In general, you need lots of unit tests and there really isn't anything else to be done, other than resorting to reflection. Like you said, it's another subject entirely, but don't be too afraid of reflection. Write the DRYest code you can first, then profile it and determine if the reflection performance hit is really bad enough to warrant writing out and maintaining the extra code.
You could use a code generator to construct variations of the code using a template. In that case, the java source is a product of the generator and the real code is the template.
Given two code fragments that are claimed to be similar, most languages have limited facilities for constructing abstractions that unify the code fragments into a monolith. To abstract when your language can't do it, you have to step outside the language :-{
The most general "abstraction" mechanism is a full macro processor which can apply arbitrary computations to the "macro body" while instantiating it (think Post or string-rewriting system, which is Turing capable). M4 and GPM are quintessential examples. The C preprocessor isn't one of these.
If you have such a macro processor, you can construct an "abstraction" as a macro, and run the macro processor on your "abstracted" source text to produce the actual source code you compile and run.

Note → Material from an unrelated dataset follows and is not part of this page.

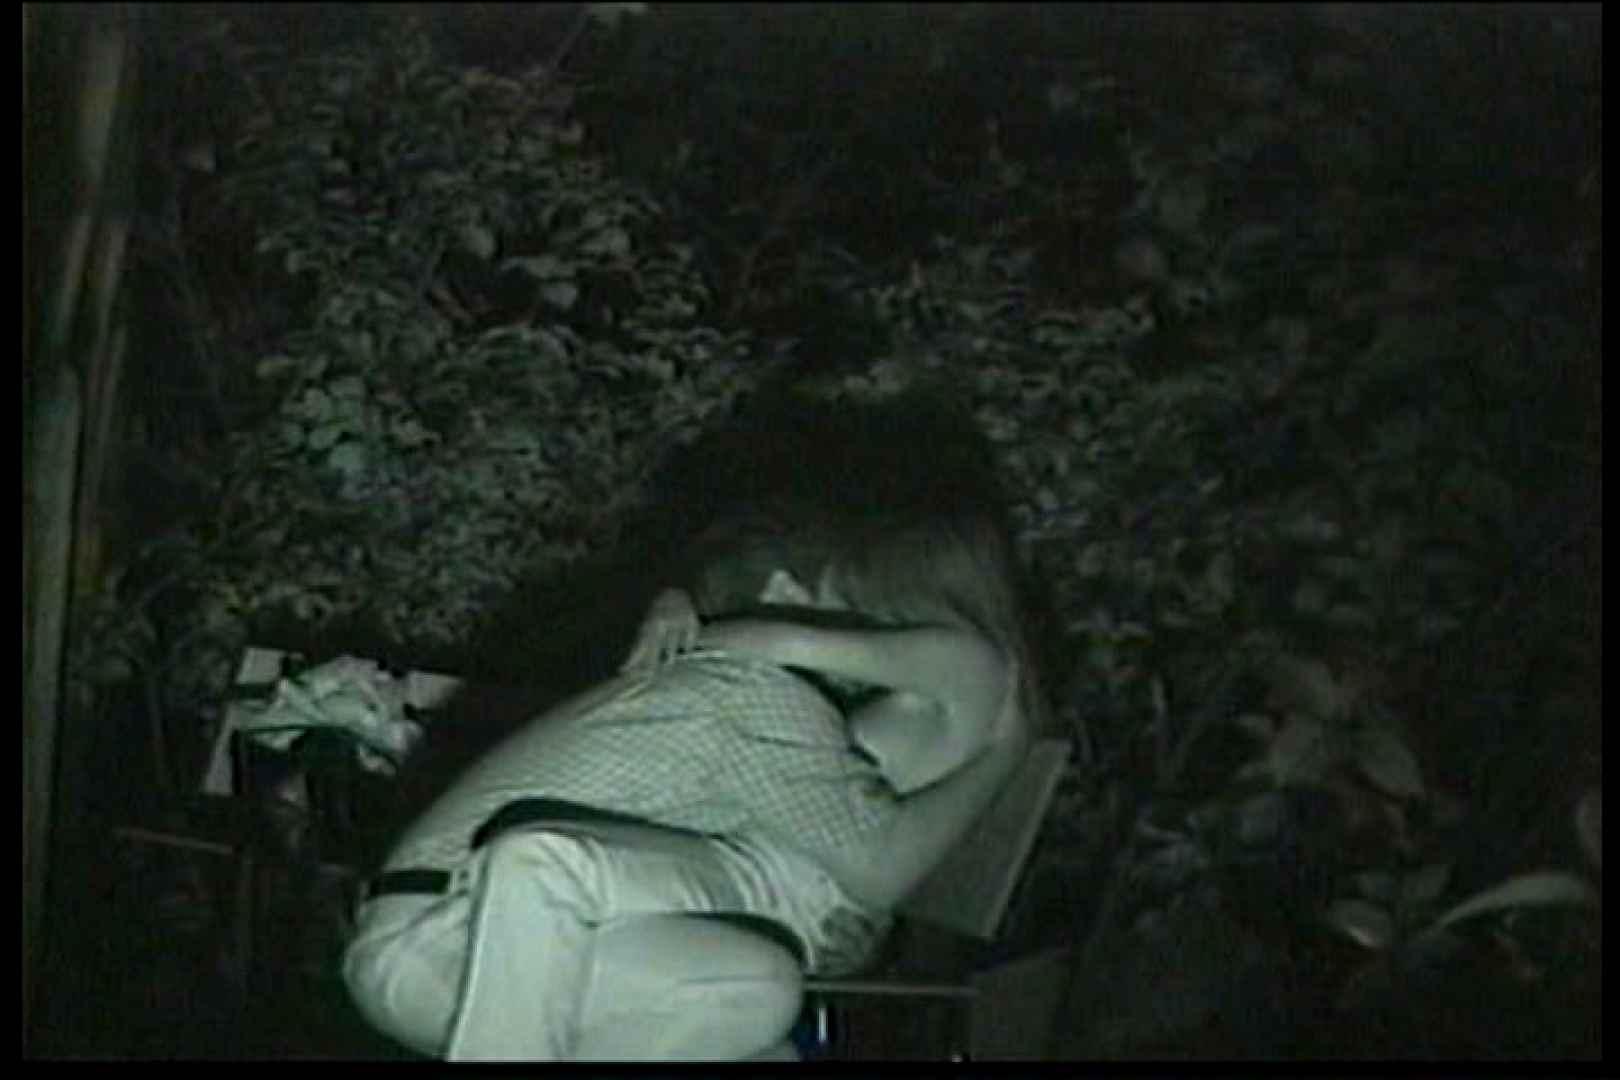 闇の仕掛け人 無修正版 Vol.16 セックス AV無料動画キャプチャ 78PIX 58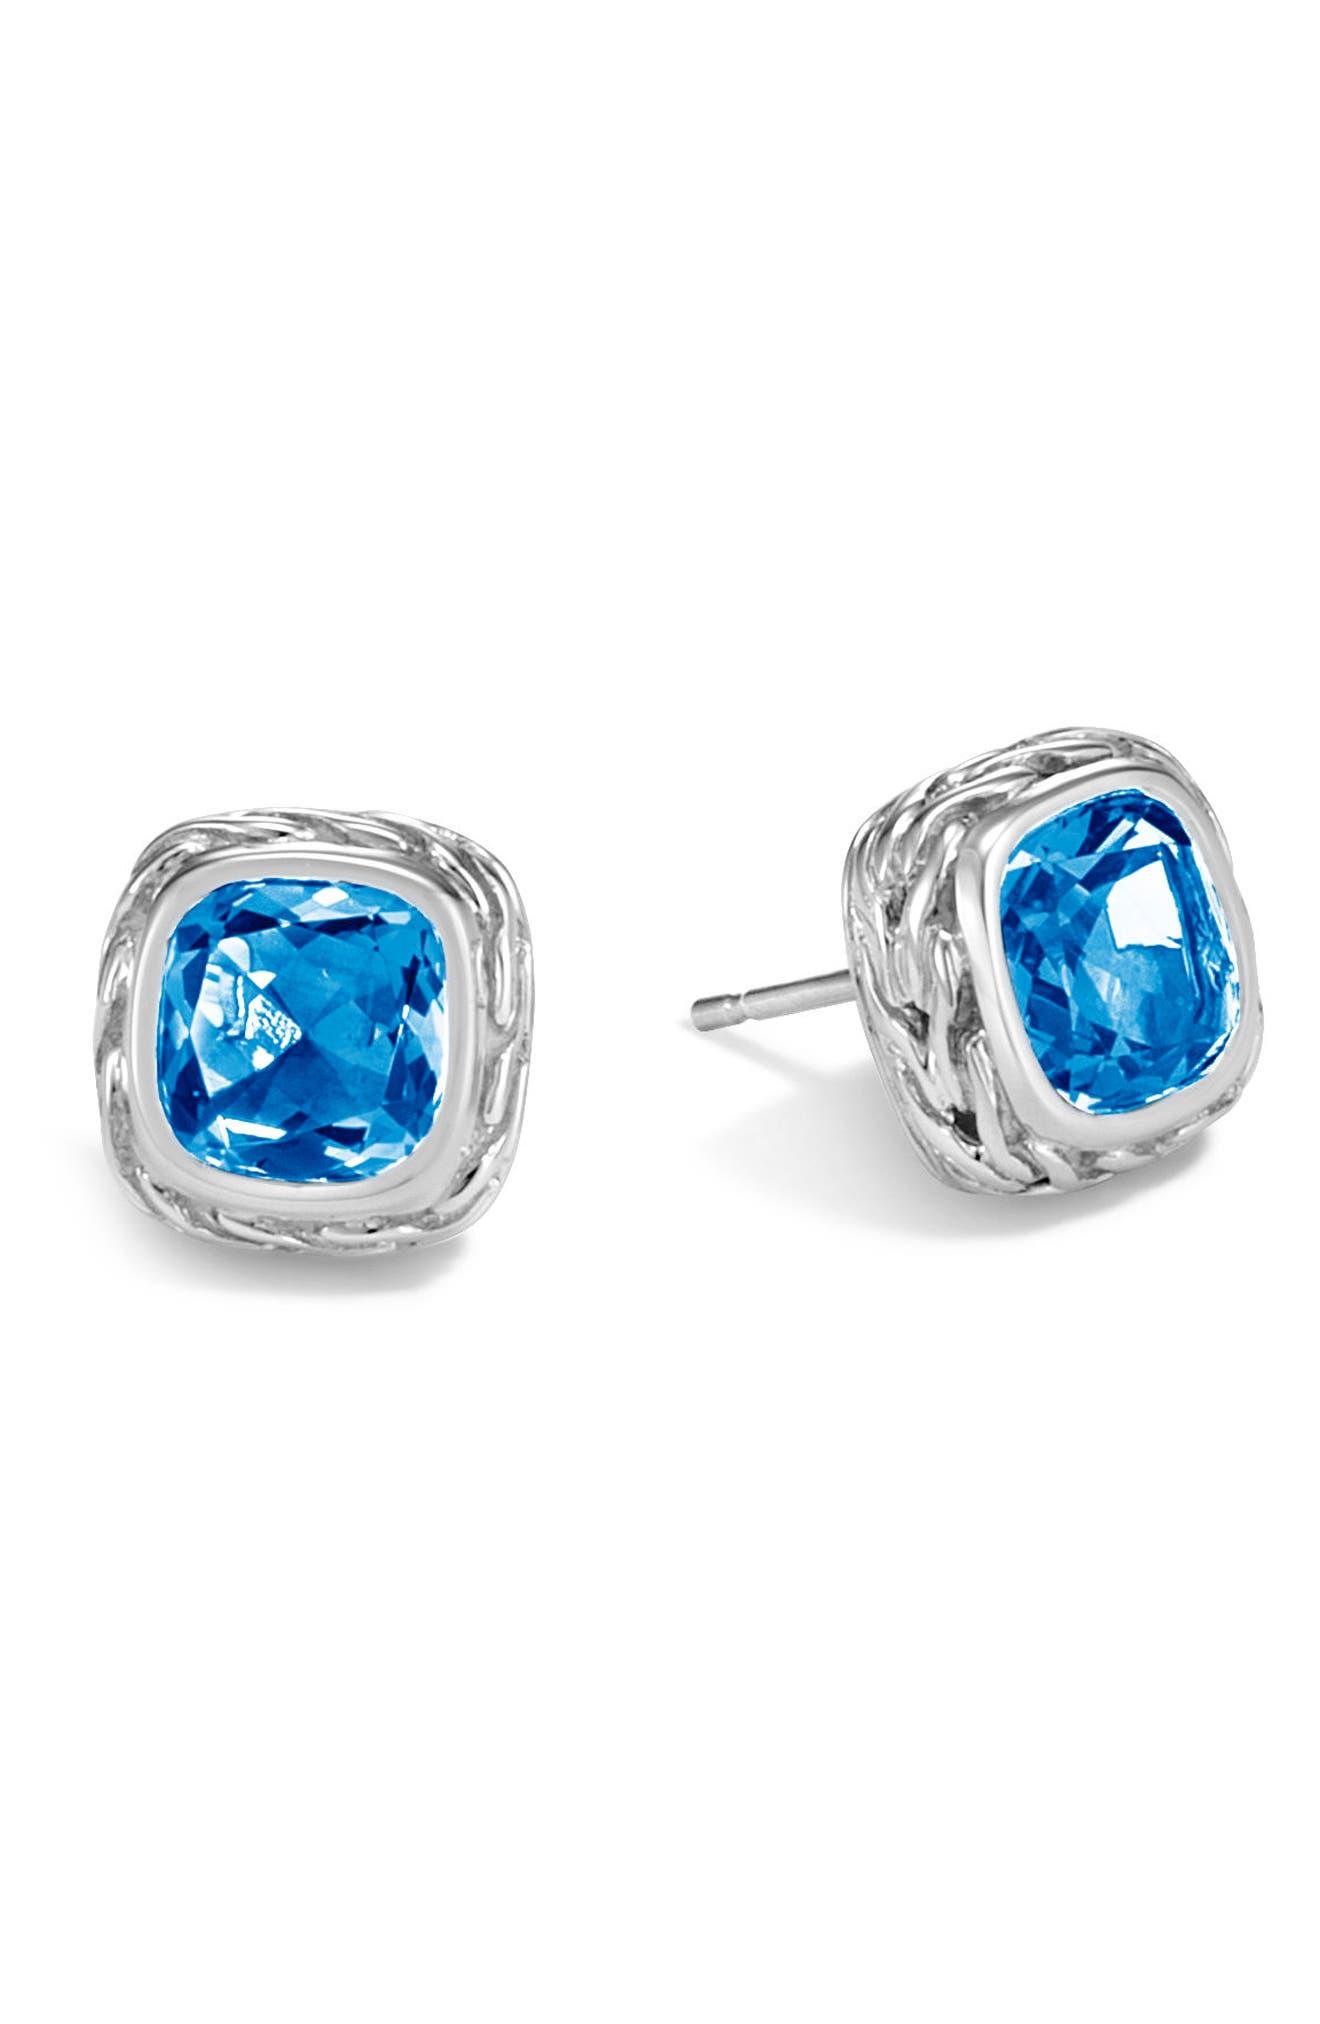 Magic Cut Blue Topaz Stud Earrings,                         Main,                         color, 040

You can also use more limited versions of the ideas, often called "code generators". These are usually not Turing capable, but in many cases they work well enough. It depends on how sophisticated your "macro instantiation" needs to be. (The reason people are enamored with the C++ template mechanism is ths despite its ugliness, it is Turing capable and so people can do truly ugly but astonishing code generation tasks with it). Another answer here mentions Trove, which is apparantly in the more limited but still very useful category.
Really general macro processors (like M4) manipulate just text; that makes them powerful but they don't handle the structure of programming language well, and it is really awkward to write a generaor in such a mcaro processor that can not only produce code, but optimize the generated result. Most code generators that I encounter are "plug this string into this string template" and so cannot do any optimization of a generated result. If you want generation of arbitrary code and high performance to boot, you need something that is Turing capable but understands the structure of the generated code so it can easily manipulate (e.g., optimize) it).
Such a tool is called a Program Transformation System. Such a tool parses the source text just like a compiler does,and then carries analyses/transformations on it to achieve a desired effect. If you can put markers in the source text of your program (e.g, structured comments or annotations in langauges that have them) directing the program transformaiton tool what to do, then you can use it to carry out such abstraction instantiation, code generation, and/or code optimization. (One poster's suggestion of hooking into the Java compiler is a variation on this idea). Using a general puprose transformation system (such as DMS Software Reengineering Tookit means you can do this for essentially any language.
A lot of this kind of repetition can now be avoided thanks to generics. They're a godsend when writing the same code where only the types change.
Sadly though, I think generic arrays are still not very well supported. For now at least, use containers that allow you to take advantage of generics. Polymorphism is also a useful tool to reduce this kind of code duplication.
To answer your question about how to handle code that absolutely must be duplicated... Tag each instance with easily searchable comments. There are some java preprocessors out there, that add C-style macros. I think I remember netbeans having one.